Ambassador of Bangladesh to Portugal
- In office 4 October 2023 – 4 December 2024
- Preceded by: Tarik Ahsan
- Succeeded by: M Mahfuzul Haque

High Commissioner of Bangladesh to Mauritius
- In office July 2018 – September 2023
- Preceded by: Md. Abdul Mannan Howlader
- Succeeded by: Zokey Ahad

Personal details
- Education: University of Dhaka

= Rezina Ahmed =

Former ambassador of Bangladesh to Portugal

Rezina Ahmed is a Bangladeshi diplomat and ambassador of Bangladesh to Portugal. She is the former High Commissioner of Bangladesh to Mauritius. She was the Consul General of Bangladesh in Milan.

==Early life==
Ahmed did her bachelor's degree and masters in International Relations at the University of Dhaka.

==Career==
Ahmed worked for BRAC, the largest non-profit in Bangladesh.
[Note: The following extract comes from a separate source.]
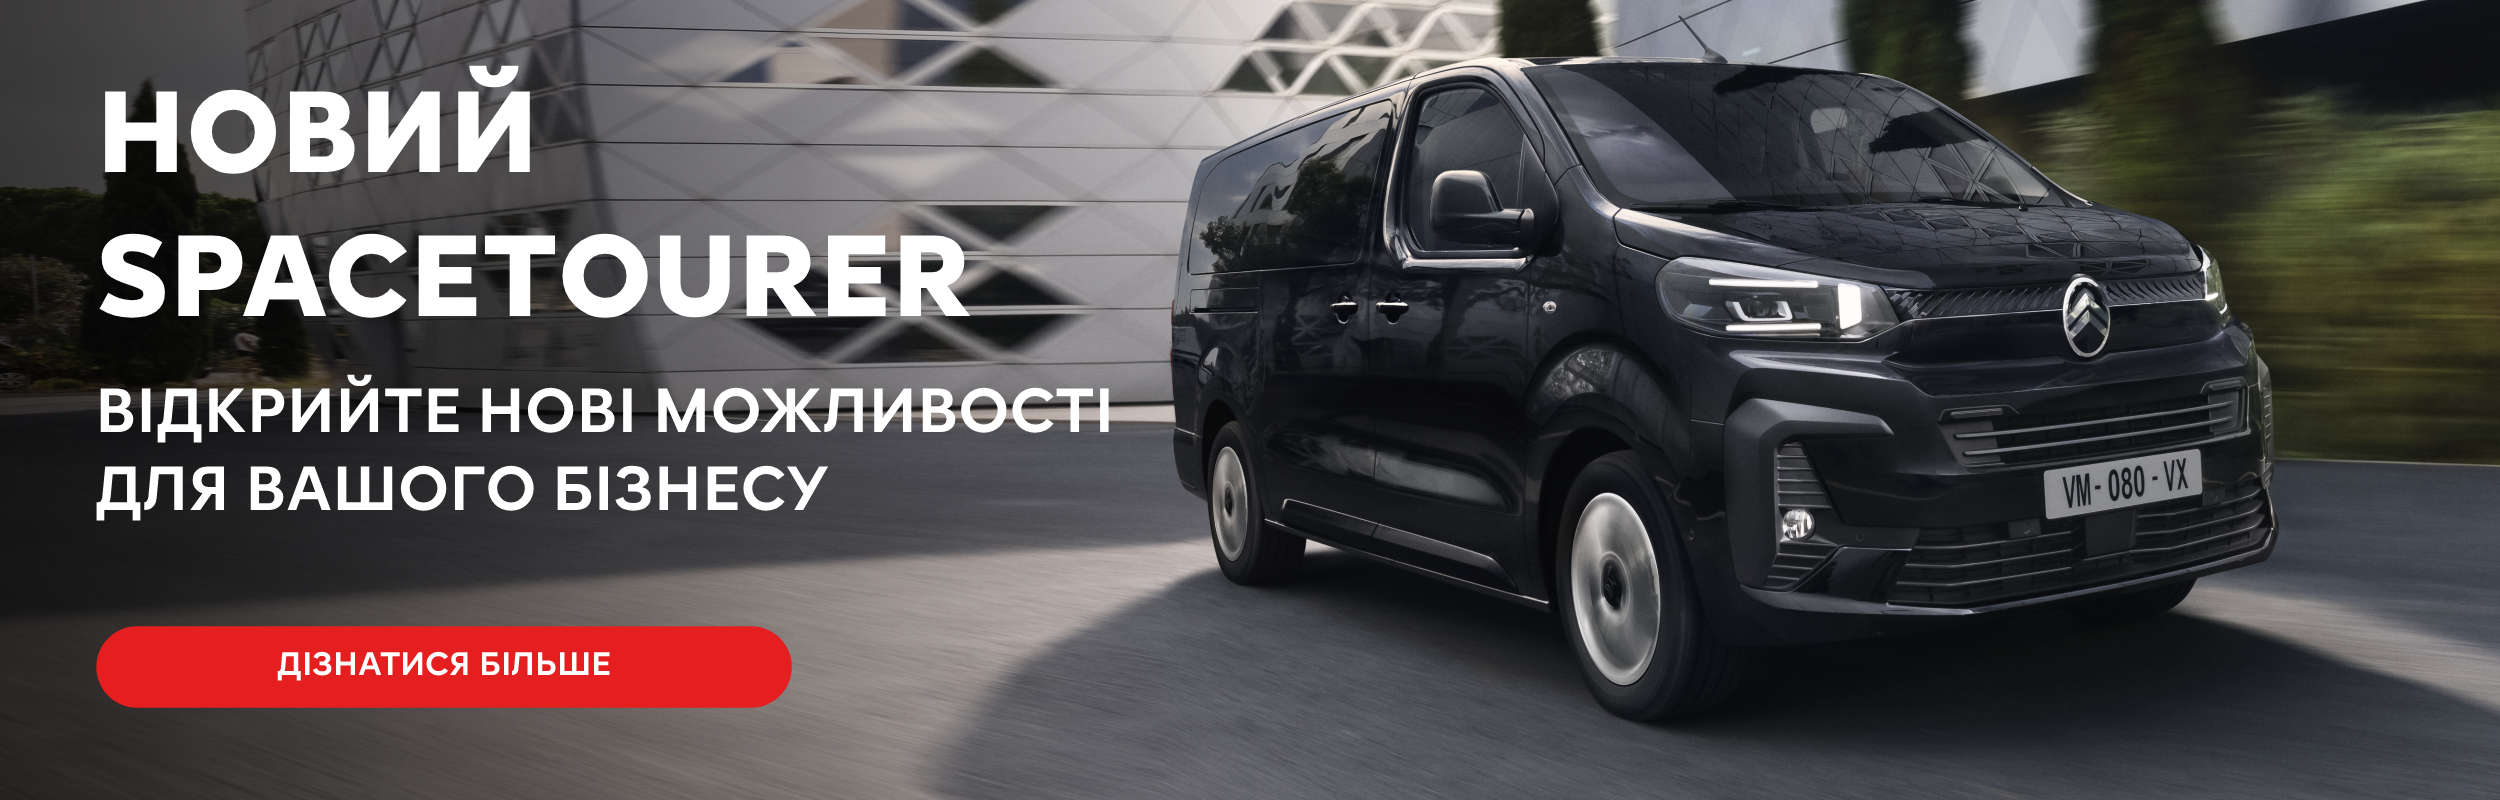 Автосалон Citroen «Лион Авто» | Официальный дилер в Запорожье | Головна

In 1994, Ahmed joined the Bangladesh Civil Service as a foreign service cadre. She served in the Bangladesh High Commission, Canberra. She has served in the Embassy of Bangladesh, Moscow, and Embassy of Bangladesh, Yangon. She was the Deputy Chief of Protocol at the Ministry of Foreign Affairs.

Ahmed was briefly appointed Ambassador of Bangladesh to Myanmar in August 2017. She had served as the Consul General of Bangladesh in Milan, Italy. In May 2018, Ahmed was appointed High Commissioner of Bangladesh to the Mauritius. She was concurrently accredited High Commissioner of Bangladesh to Seychelles.

Ahmed was appointed Ambassador of Bangladesh to Portugal in June 2023 replacing Ambassador Tarik Ahsan. She presented her credentials to President Marcelo Rebelo de Sousa in January 2024. She is concurrently accredited as the ambassador of Bangladesh to Cape Verde.

In December 2024, Ahmed retired and returned to Bangladesh as a Secretary of the Ministry of Foreign Affairs.